Founded in 1879 as the Shanghai Public Band, the Shanghai Symphony Orchestra has operated under a number of different names as well as under conductors from around Europe.
Today, it stands as Asia’s oldest orchestra and has recently moved into a new Concert Hall, designed by Japanese architect Arata Isozaki, along with four Rupert Neve Designs 5088 analogue mixing consoles.
The recording studios and postproduction rooms were designed by SIWEI Music Engineering Design Group. The concert hall’s design was approved by renowned acoustic designer Yasuhisa Toyota, known for the Walt Disney Concert Hall in Los Angeles. ‘We were not constructing a common building, but making a great musical instrument,’ he says. ‘Every seat is a golden seat.’

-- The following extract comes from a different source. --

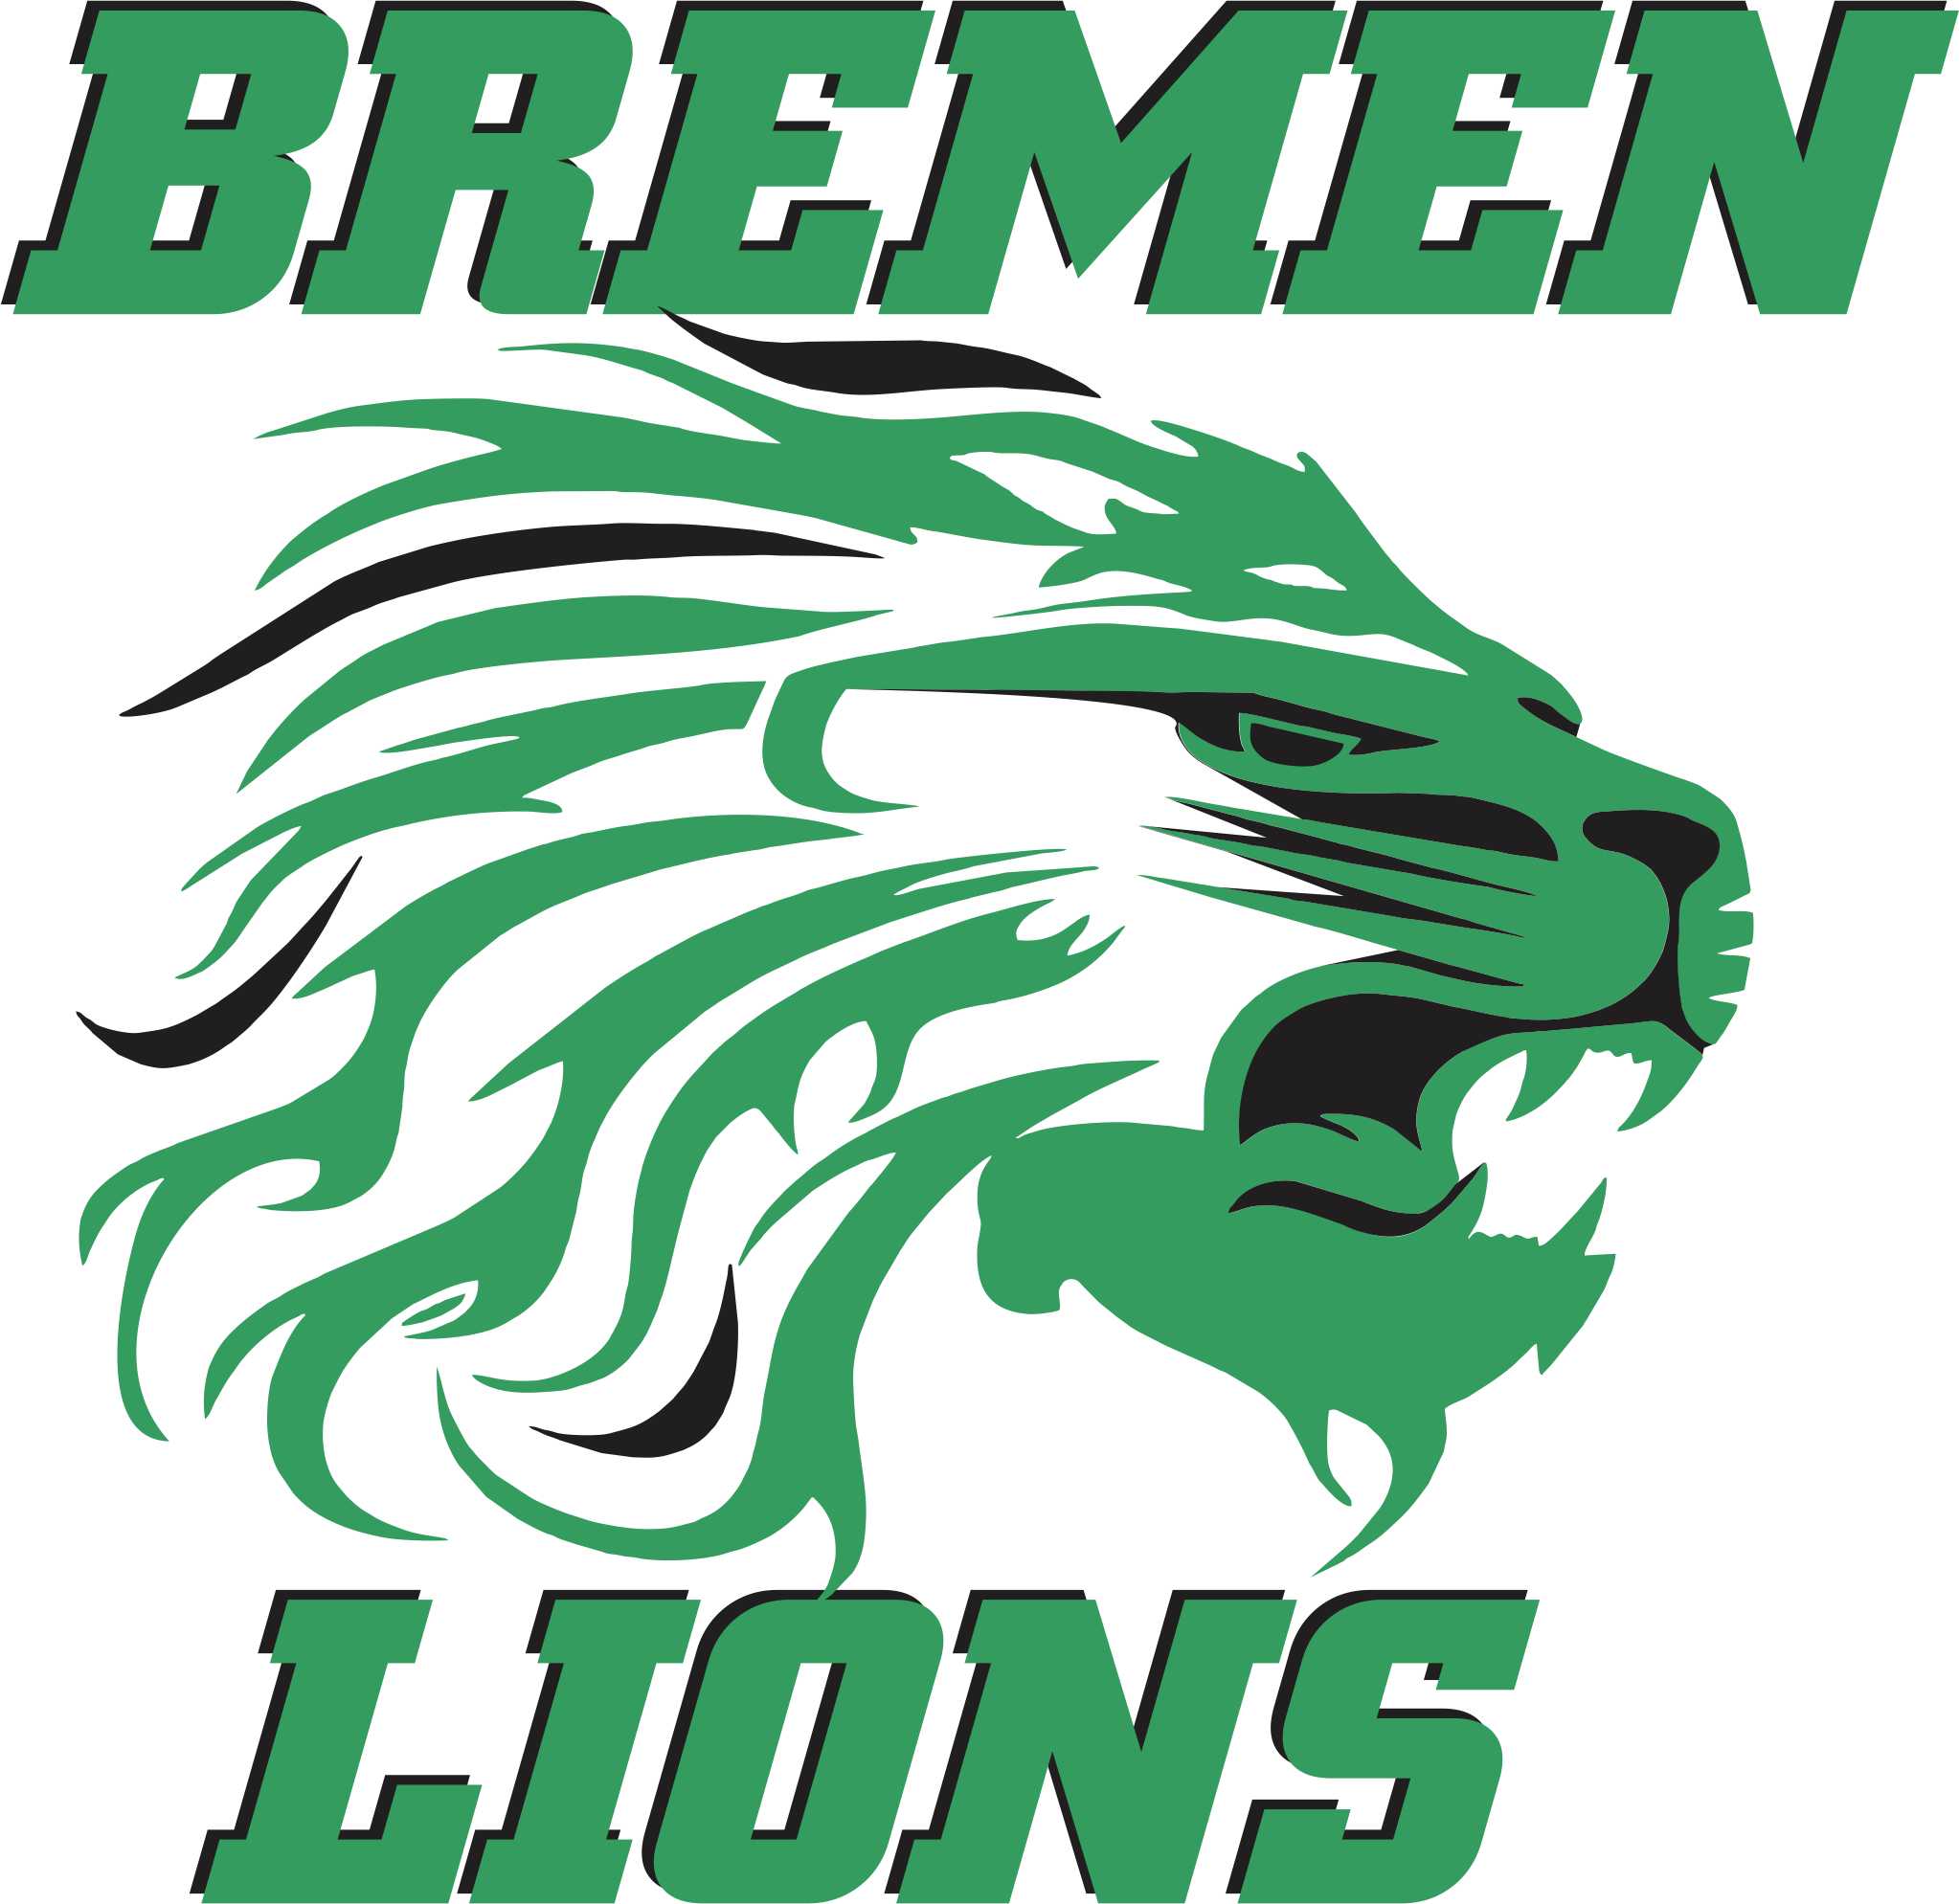 High School Lion Mascot Logo - Franko Design, Concepts, and Consulting for Brand and Image Bremen ...
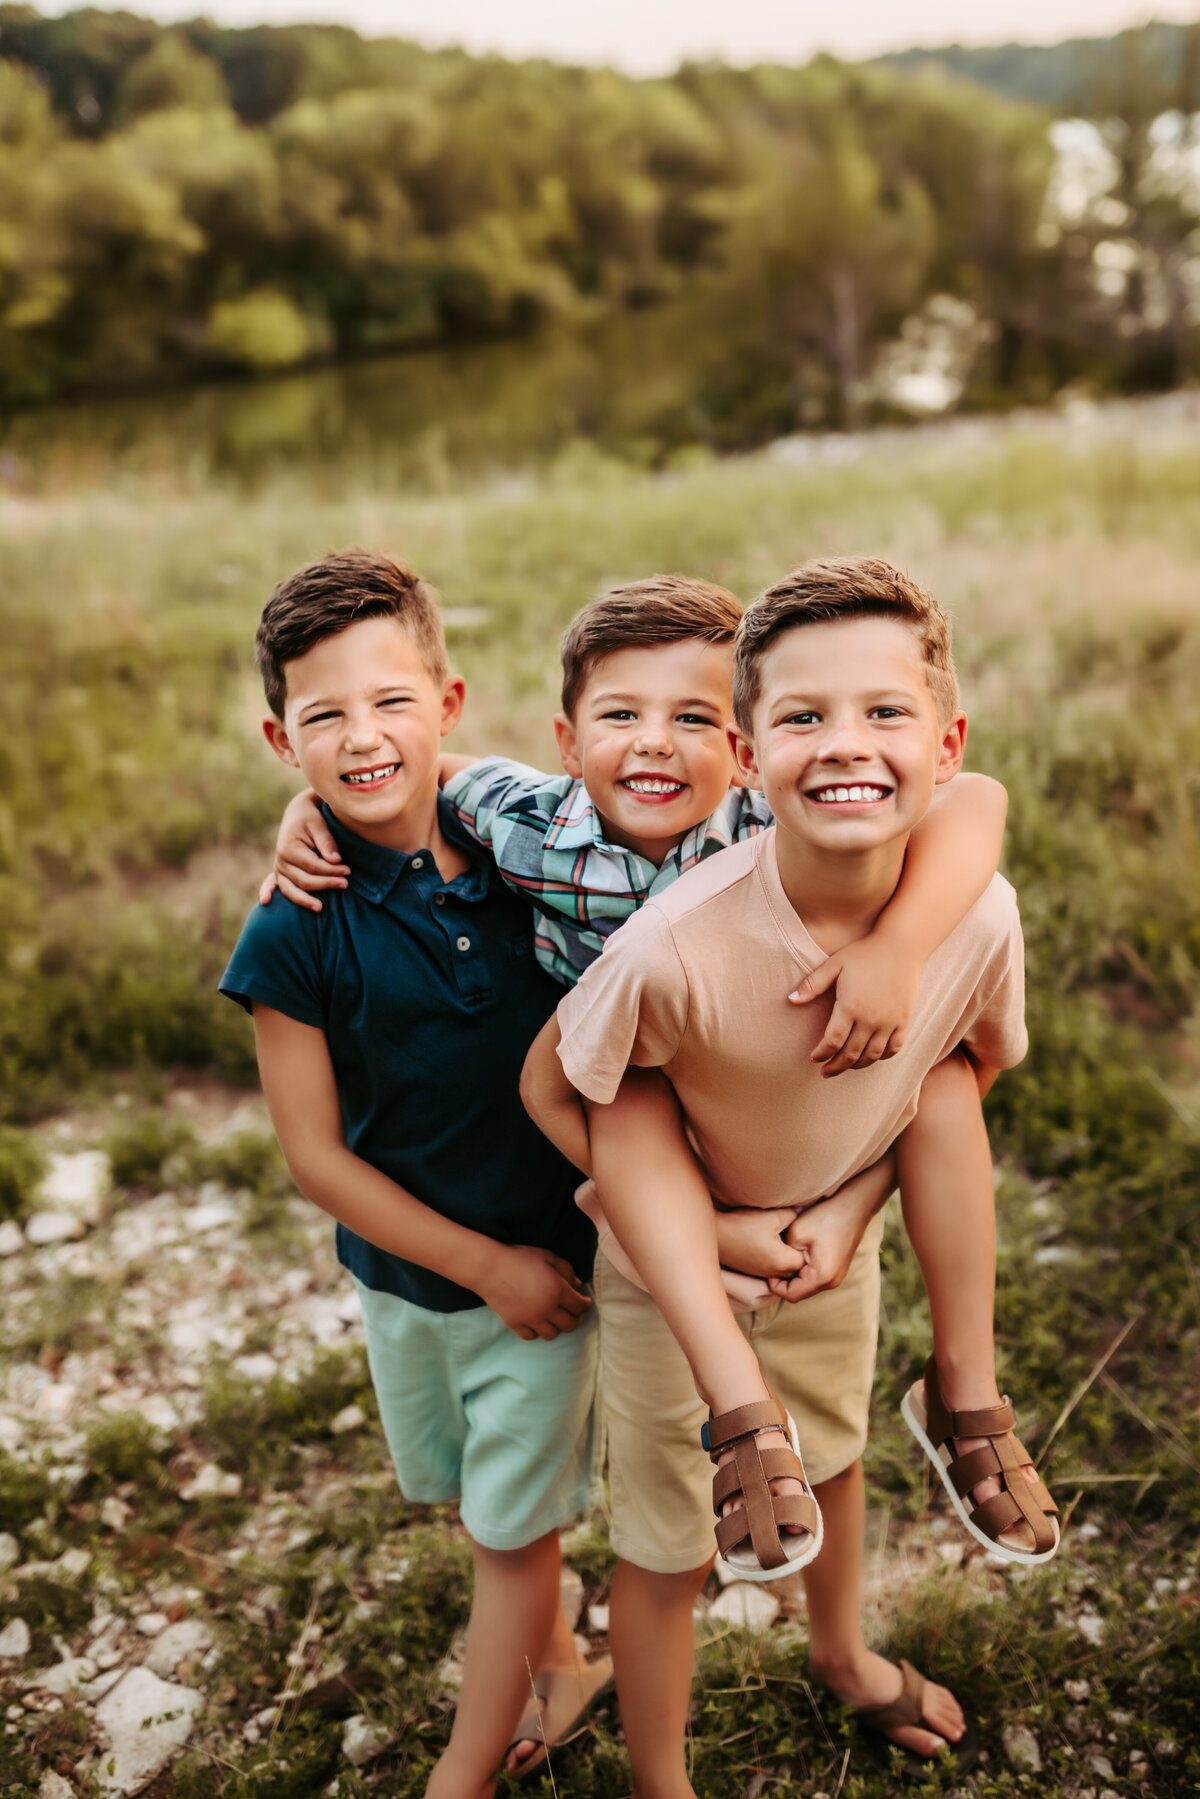 Three brothers give piggy back rides and smile at the camera

Just as no expense was spared in the building’s construction, the equipment to be used for the performances and recording is world-class. The first of the four Rupert Neve Designs 5088 mixers is a 16-channel desk loaded with Portico 5032 mic preamplifier/EQs and 5015 mic preamplifier/compressors assigned to 1,200-seat main concert hall. The studio adjacent to the 400-seat chamber hall houses a second 16-channel 5088, and two additional mix rooms contain 16-channel and 48-channel 5088s for postproduction and proprietary Iosono 3D holographic surround mixing. The main recording system is a Pro Tools HDX set-up with Apogee Symphone converters. Each of the studios also use Rupert Neve Designs’ Portico II Master Buss Processors for compression and equalisation.
The studios and performance halls are stocked with microphones from sE Electronics, Neumann, DPA Microphones and Schoeps. There is also outboard equipment from Iosono 3D, Drawmer, TC Electronic and others, with ATC GL68HR monitoring.
‘We are so happy – the sound is gorgeous,’ reports the SSO’s Director, Long Yu.